If a line below falls between the line with "doctor sitting beside" and the line with "Regarding Brushes and other tools", or is one of those two, output it exactly; output nothing else and no pictures.

▶ [DATA PROVIDED]:
'''
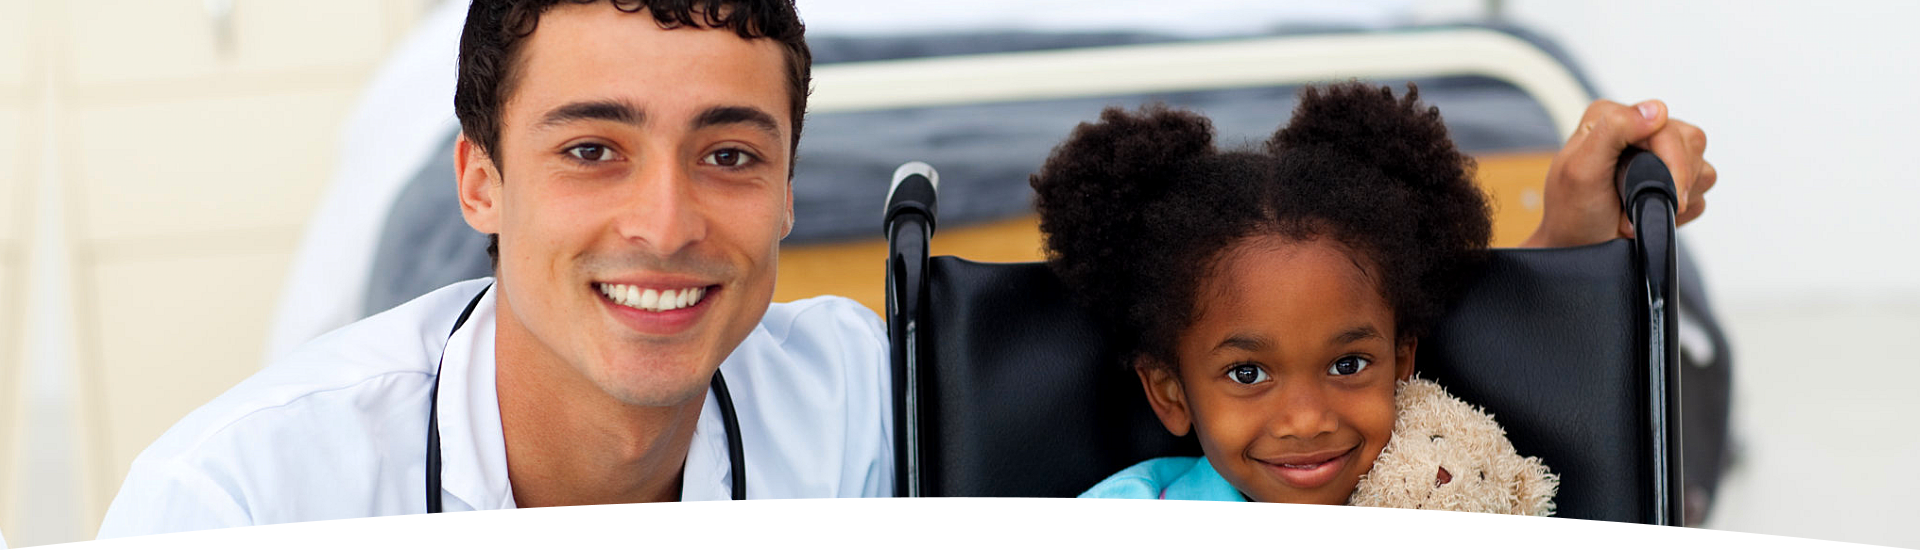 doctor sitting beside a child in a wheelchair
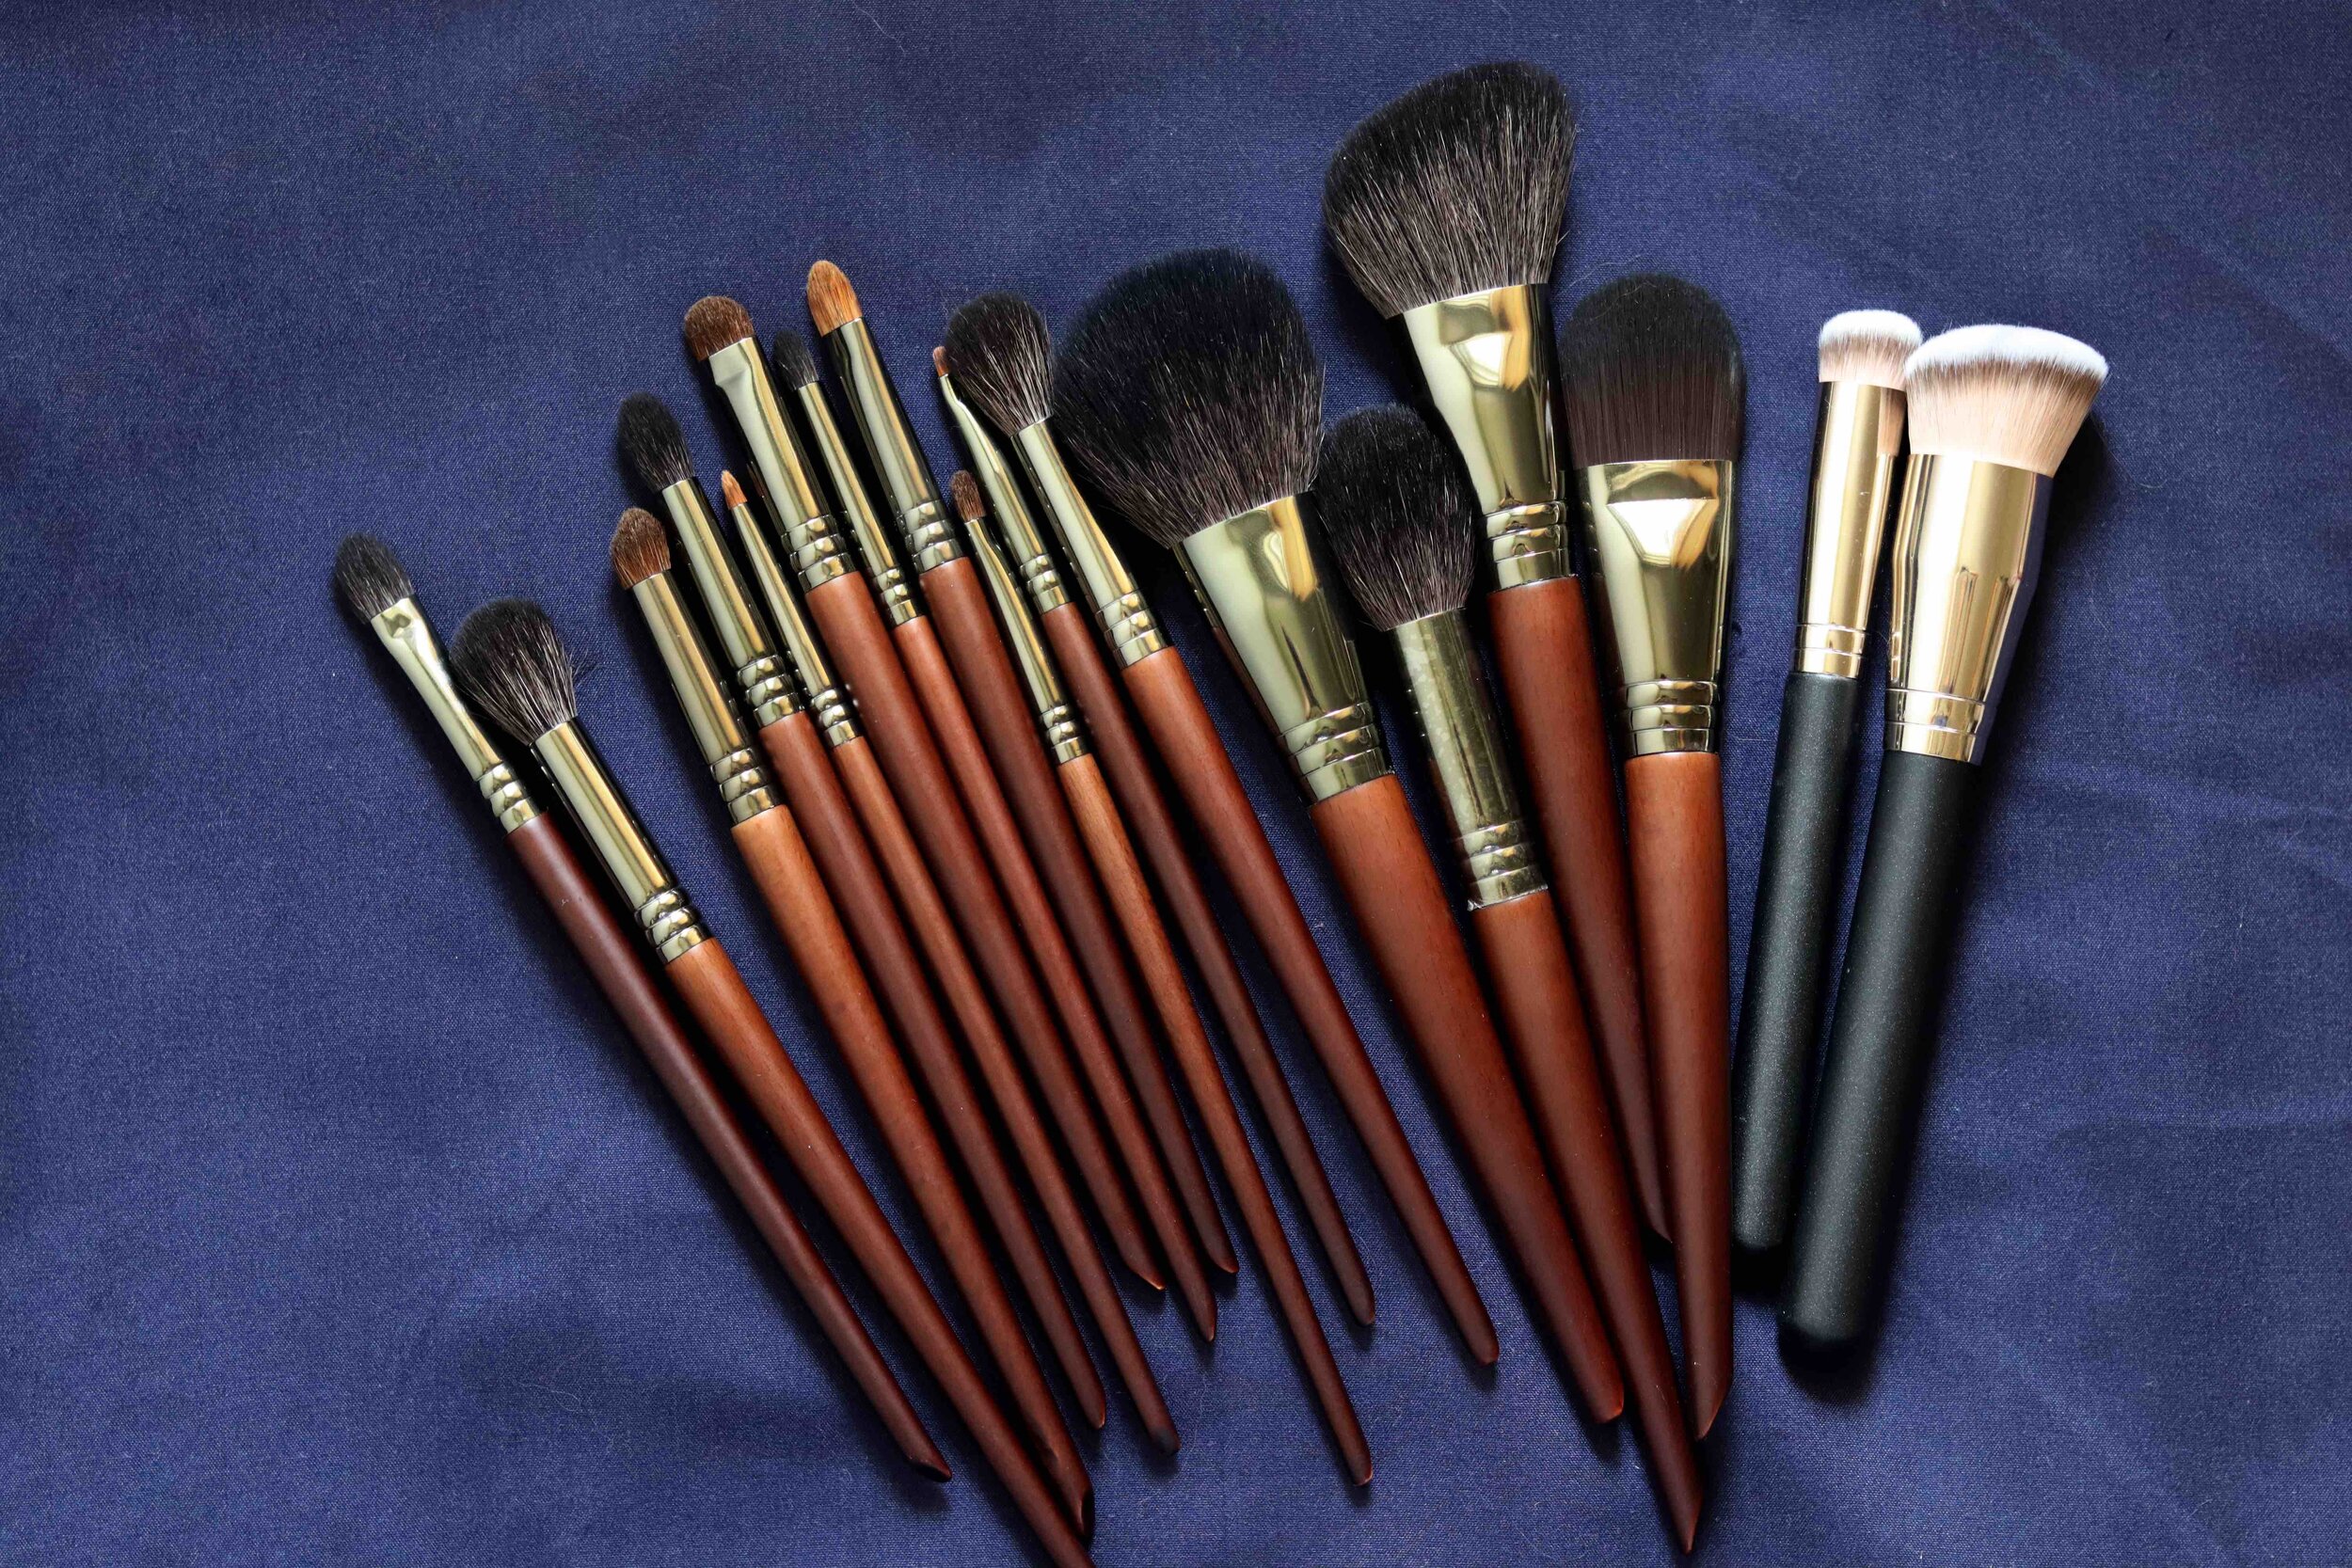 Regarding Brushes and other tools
'''
'''
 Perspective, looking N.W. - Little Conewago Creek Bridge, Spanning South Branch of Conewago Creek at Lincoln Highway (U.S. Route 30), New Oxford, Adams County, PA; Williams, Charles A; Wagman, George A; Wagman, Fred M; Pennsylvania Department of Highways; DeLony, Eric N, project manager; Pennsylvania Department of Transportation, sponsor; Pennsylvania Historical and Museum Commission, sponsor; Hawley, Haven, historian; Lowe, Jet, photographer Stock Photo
'''
'''
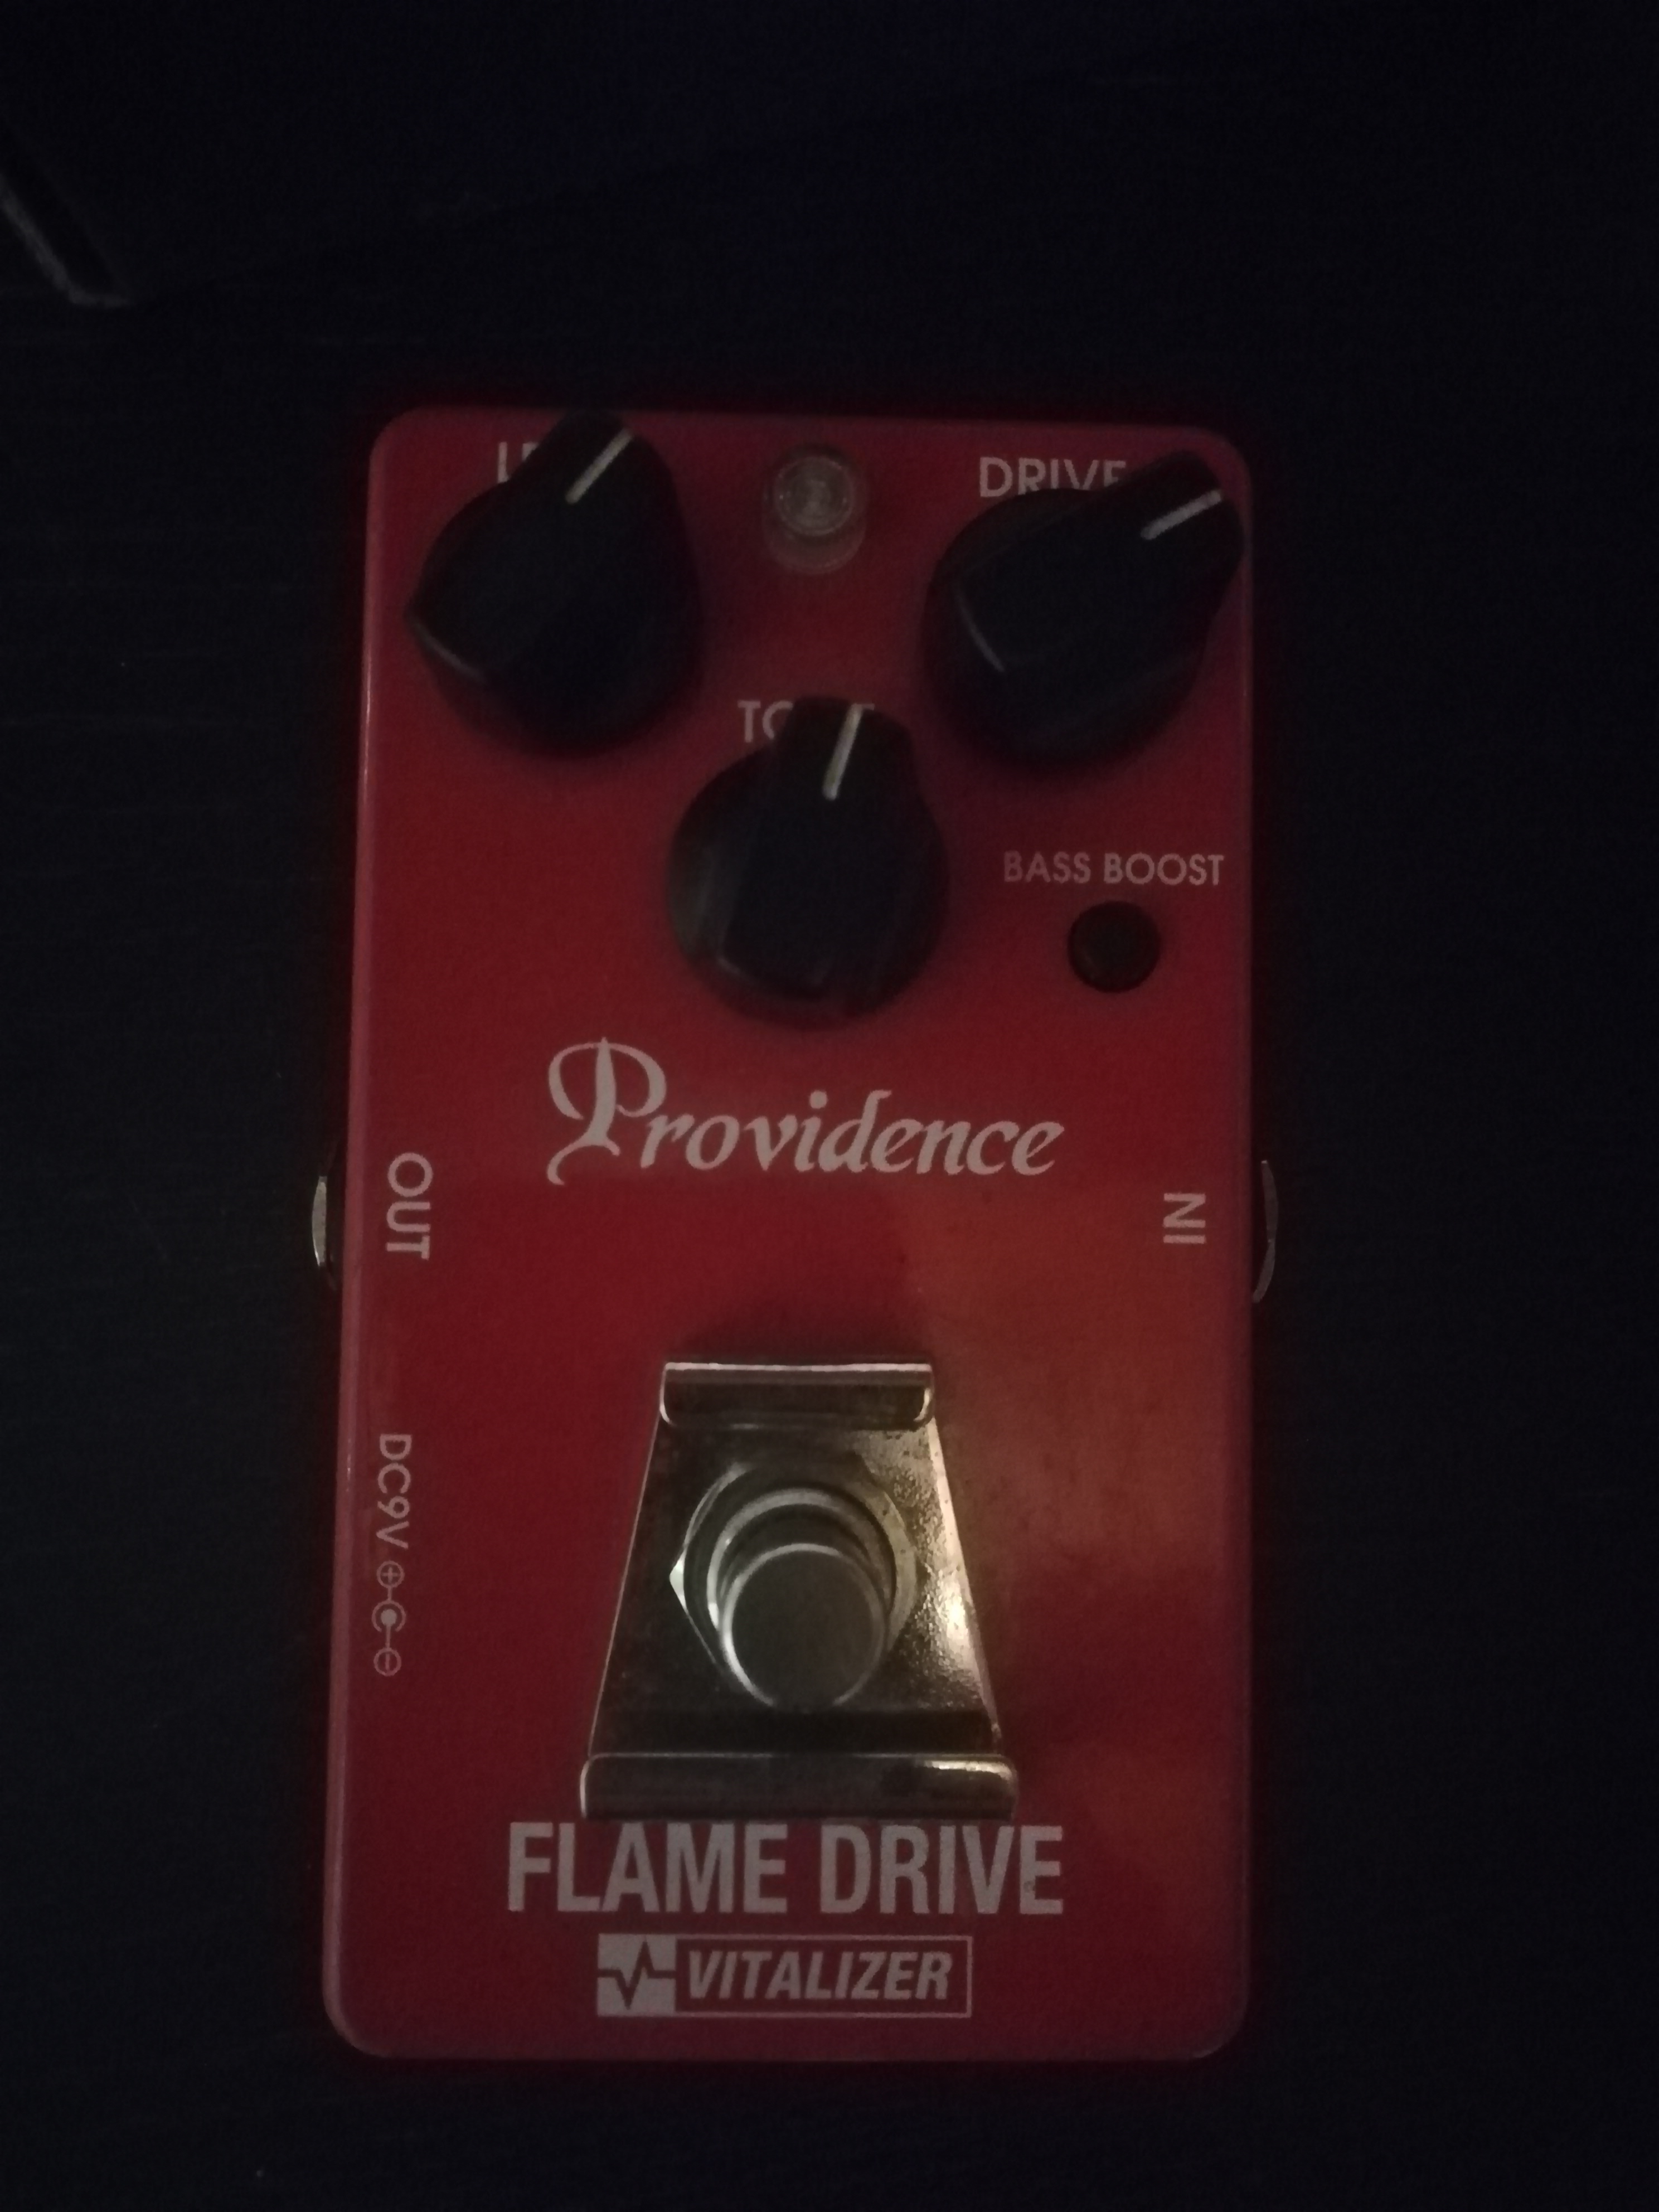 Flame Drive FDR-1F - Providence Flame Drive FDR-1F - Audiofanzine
'''
▶ [RESPONSE AREA]:
 doctor sitting beside a child in a wheelchair
 Regarding Brushes and other tools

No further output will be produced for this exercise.